INSTRUCTIONS TO FOLLOW ▸ Scan the records below for the line containing "Sharjah Cricket Stadium" and the line containing "Tobacco - Ultima II Massage (Yellow) LP". Copy both, plus every line between, exactly.

PROVIDED RECORDS ▸
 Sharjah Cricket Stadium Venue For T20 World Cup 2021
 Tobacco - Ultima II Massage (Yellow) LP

...

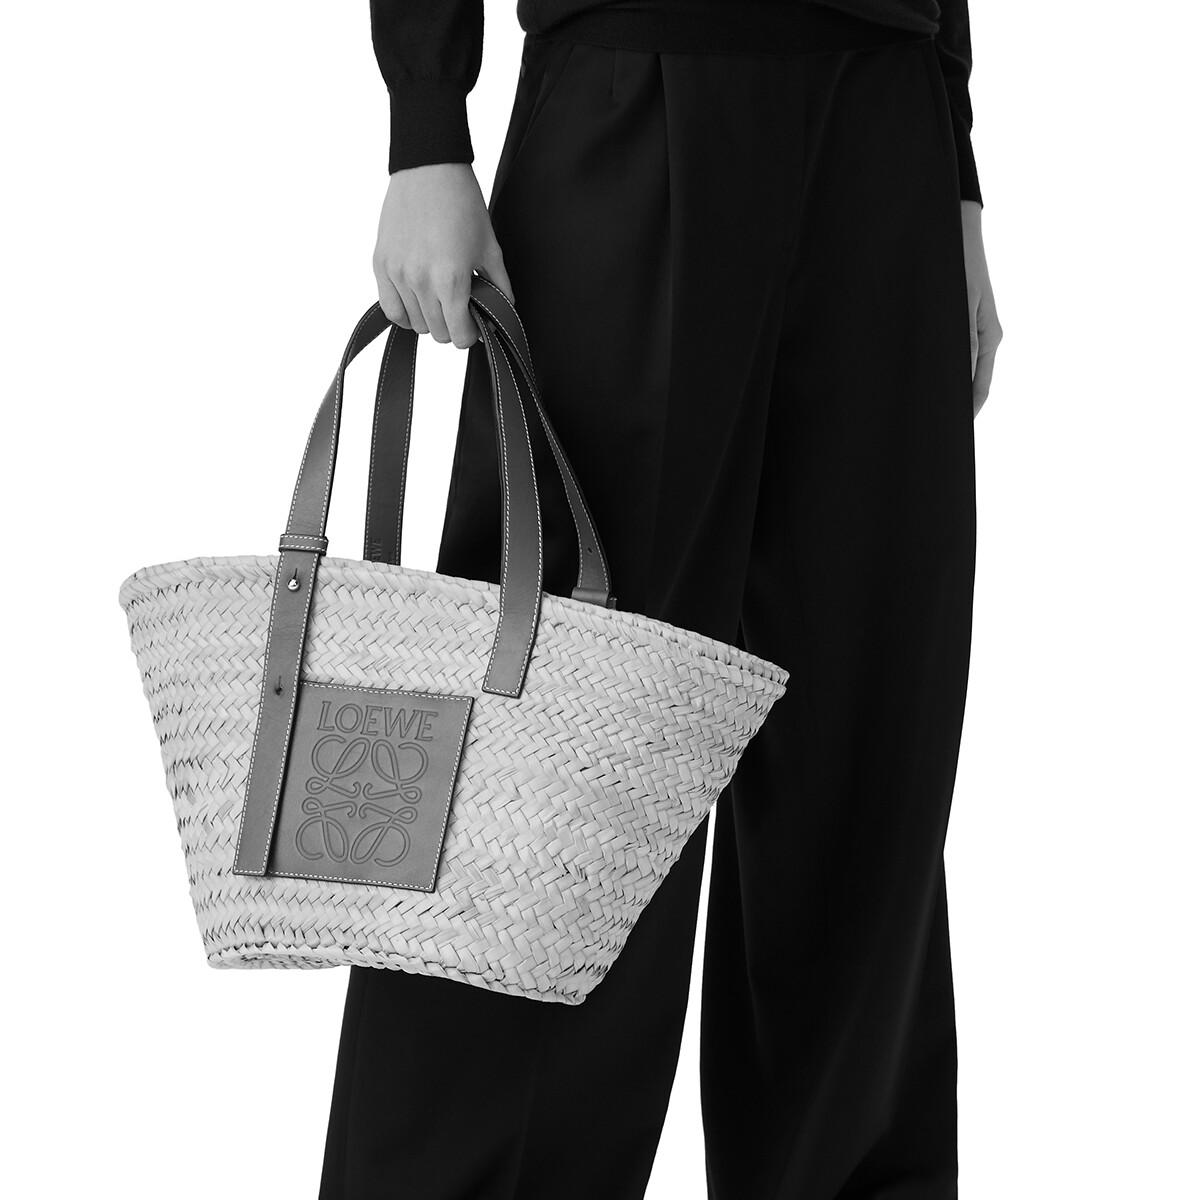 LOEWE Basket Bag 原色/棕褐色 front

---

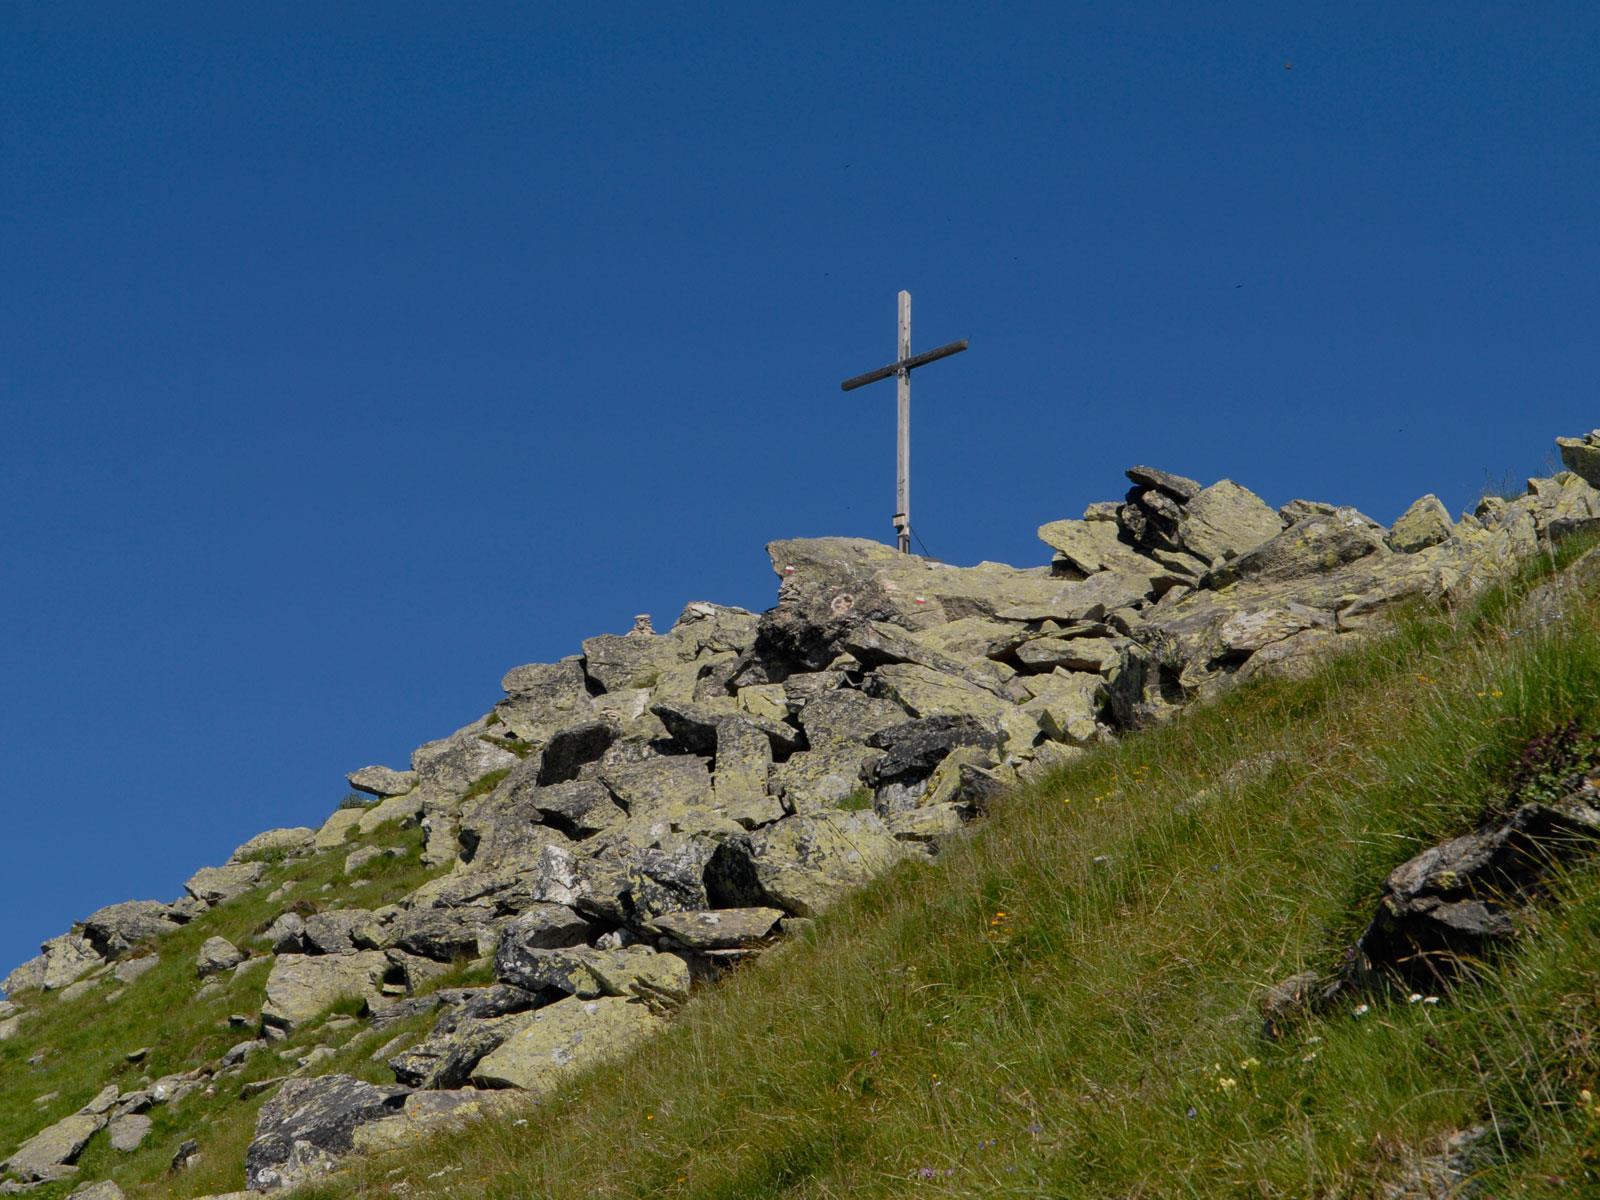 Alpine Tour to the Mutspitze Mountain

OUTPUT BELOW ▸
 Sharjah Cricket Stadium Venue For T20 World Cup 2021
 Tobacco - Ultima II Massage (Yellow) LP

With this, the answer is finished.